DOI: 10.1186/1532-429X-13-S1-P239

Published: 2 February 2011

Objective

To perform 3D imaging of the left and right coronary vessel walls in a single interleaved acquisition.

Background

Vessel wall imaging is commonly gated to alternate R-waves, in order to increase SNR and minimise artefacts due to RR-interval variation. In previous work with 2D carotid artery wall imaging, the resulting redundant RR-interval has been used to acquire additional parallel slices[1]. We postulate that the redundant RR-interval can be used to image an additional volume in 3D coronary artery wall imaging. In conjunction with highly efficient beat-to-beat respiratory motion correction (B2B-RMC)[2], this could allow high resolution 3D acquisitions of both the left and right coronary walls in ~10minutes.

Methods

A free-breathing 3D spiral coronary artery wall imaging sequence was modified in order to acquire two high resolution 3D volumes (0.7x0.7x3mm resolution, 8 slices (reconstructed to 16x1.5mm), acquisition duration 600 cardiac cycles assuming 100% respiratory efficiency). The first and second volumes were imaged on odd and even cardiac cycles respectively (figure 1). The slab selective dark blood preparation was modified to reinvert two slabs every cardiac cycle. Respiratory motion compensation was performed independently for each artery using retrospective B2B-RMC which has a respiratory efficiency of nearly 100% [2],[3].
Figure 1

Schematic diagram of the simultaneous left and right 3D coronary vessel wall imaging sequence. In each cardiac cycle, the dark blood preparation non-selectively inverts all tissue and selectively reinverts tissue slabs covering the left and right coronary arteries.

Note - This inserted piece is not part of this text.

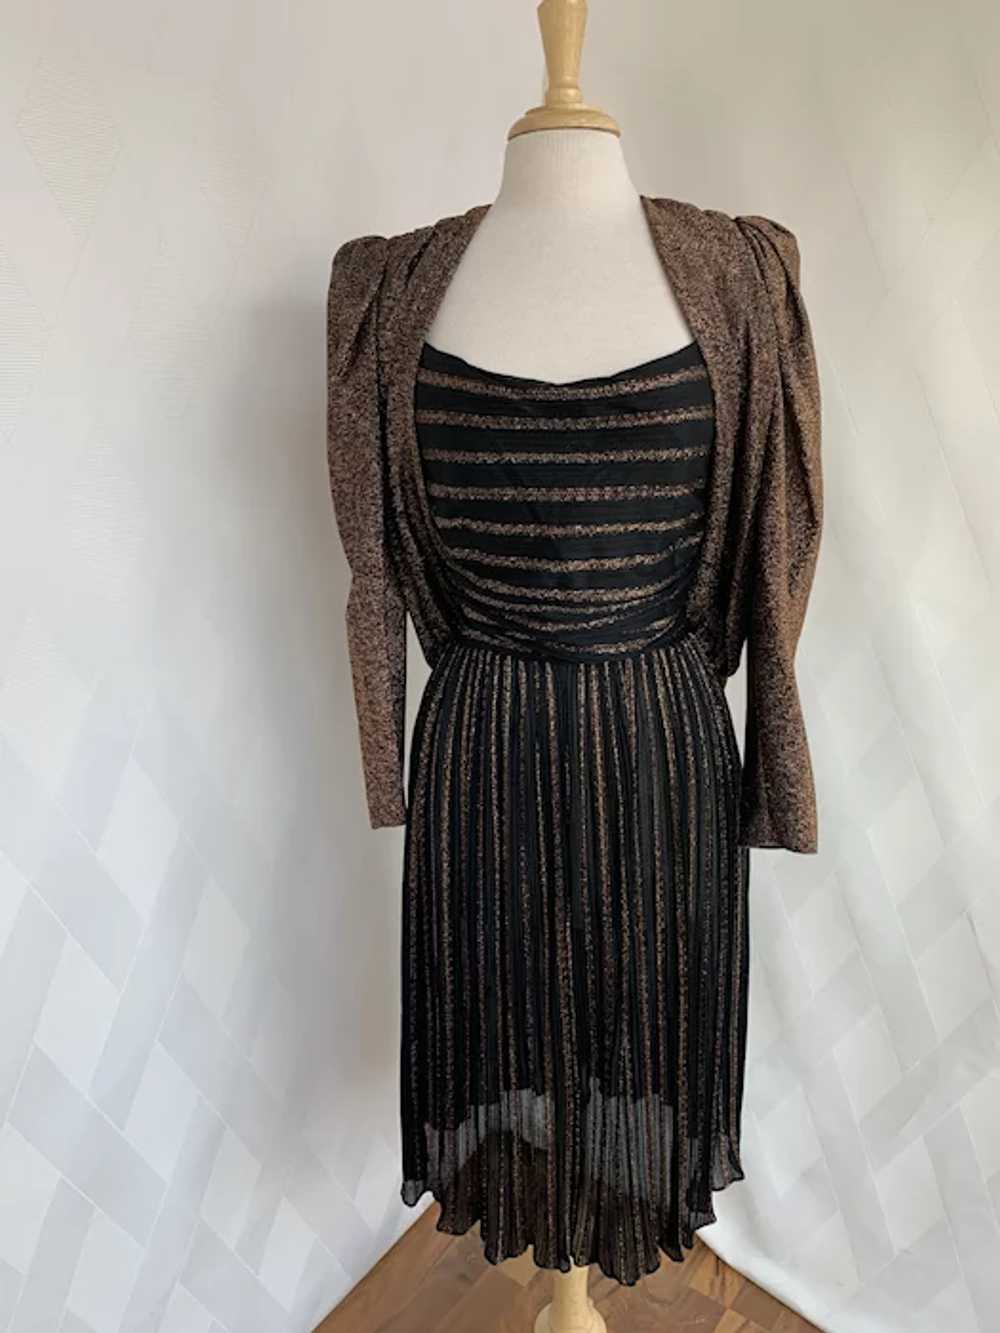 1980s Strappy, Copper Metallic Dress with Jacket - image 6

Left and right coronary artery wall data are acquired on odd and even cardiac cycles respectively. Each imaging block includes the acquisition of a low resolution 3D fat-excitation dataset which is used to track respiratory motion for B2B-RMC [2].

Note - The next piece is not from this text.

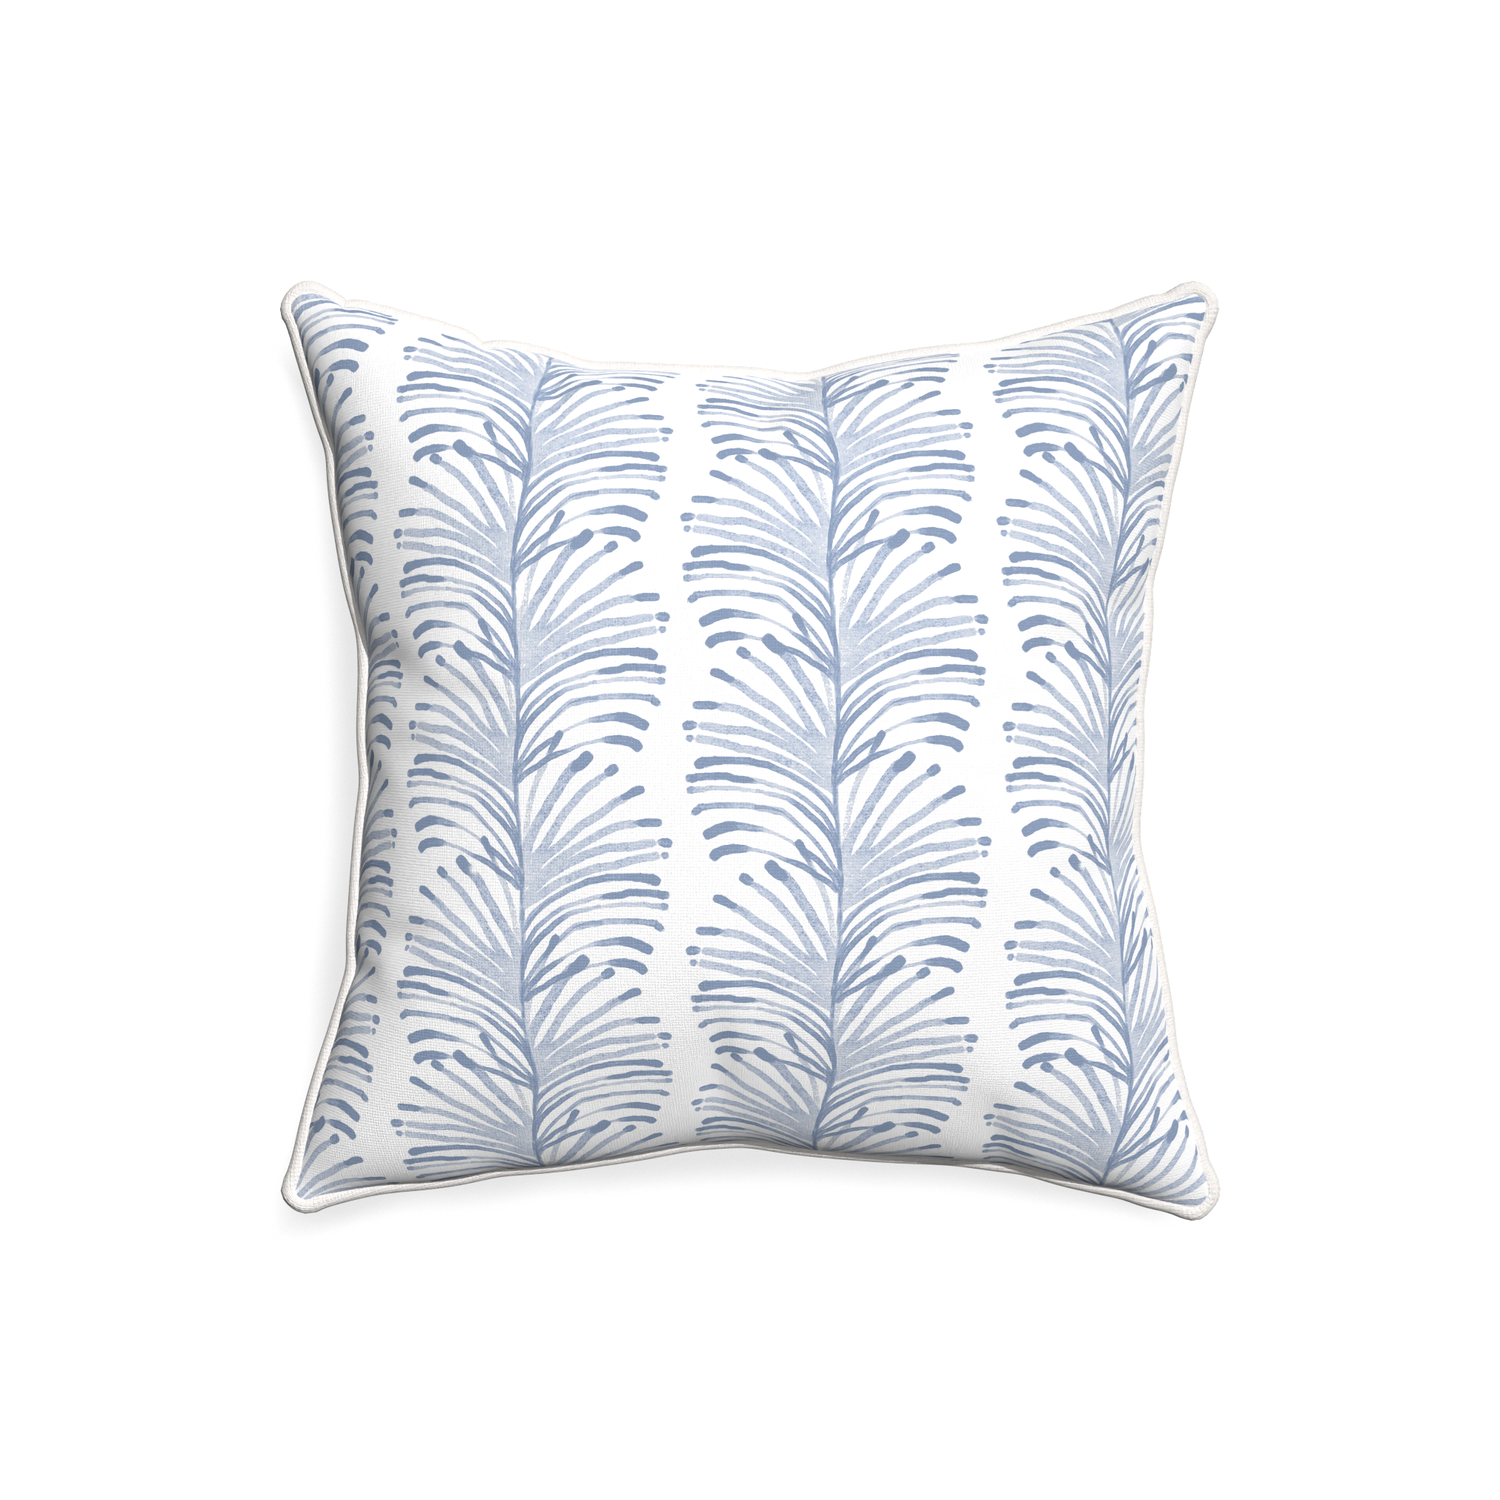 20-square emma sky custom pillow with snow piping on white background

Acquisitions were performed in healthy subjects using a Siemens Avanto 1.5T scanner. The first and second volumes were positioned to obtain cross-sectional left and right coronary images respectively. The first reinversion slab was positioned to selectively reinvert the left coronary artery whilst avoiding reinversion of aortic blood and minimising reinversion of the tissue imaged in the right coronary artery volume. The second reinversion slab was similarly positioned for the right coronary artery. Inversion time was 400ms which is optimal for single R-wave gating at 60beats/minute.

Results

Left and right coronary artery wall images obtained simultaneously in 629 cardiac cycles are shown in figure 2. The respiratory efficiency was 95%. Image quality, respiratory motion compensation and blood suppression is good in both arteries.
Figure 2

Four contiguous slices from the right (top) and left (bottom) coronary artery volumes acquired simultaneously in 629 cardiac cycles using a dark blood 3D spiral acquisition with B2B-RMC. The respiratory efficiency was 95%.

Conclusions

We have demonstrated simultaneous left and right coronary artery wall imaging in the duration required to image a single artery. Used in conjunction with B2B-RMC, this has permitted high resolution 3D imaging of both the left and right coronary walls in approximately 10minutes. Future work will include a comparison with conventional alternate R-wave gating acquisitions and an investigation of the robustness of the technique to changes in RR interval.

Authors’ Affiliations

(1)
Imperial College London
(2)
The Royal Brompton and Harefield NHS Foundation Trust

References

  1. Parker : MRM. 2002Google Scholar
  2. Keegan : JMRI. 2007Google Scholar
  3. Scott : JMRI.

Copyright

© Scott et al; licensee BioMed Central Ltd. 2011

This article is published under license to BioMed Central Ltd. This is an open access article distributed under the terms of the Creative Commons Attribution License (http://creativecommons.org/licenses/by/2.0), which permits unrestricted use, distribution, and reproduction in any medium, provided the original work is properly cited.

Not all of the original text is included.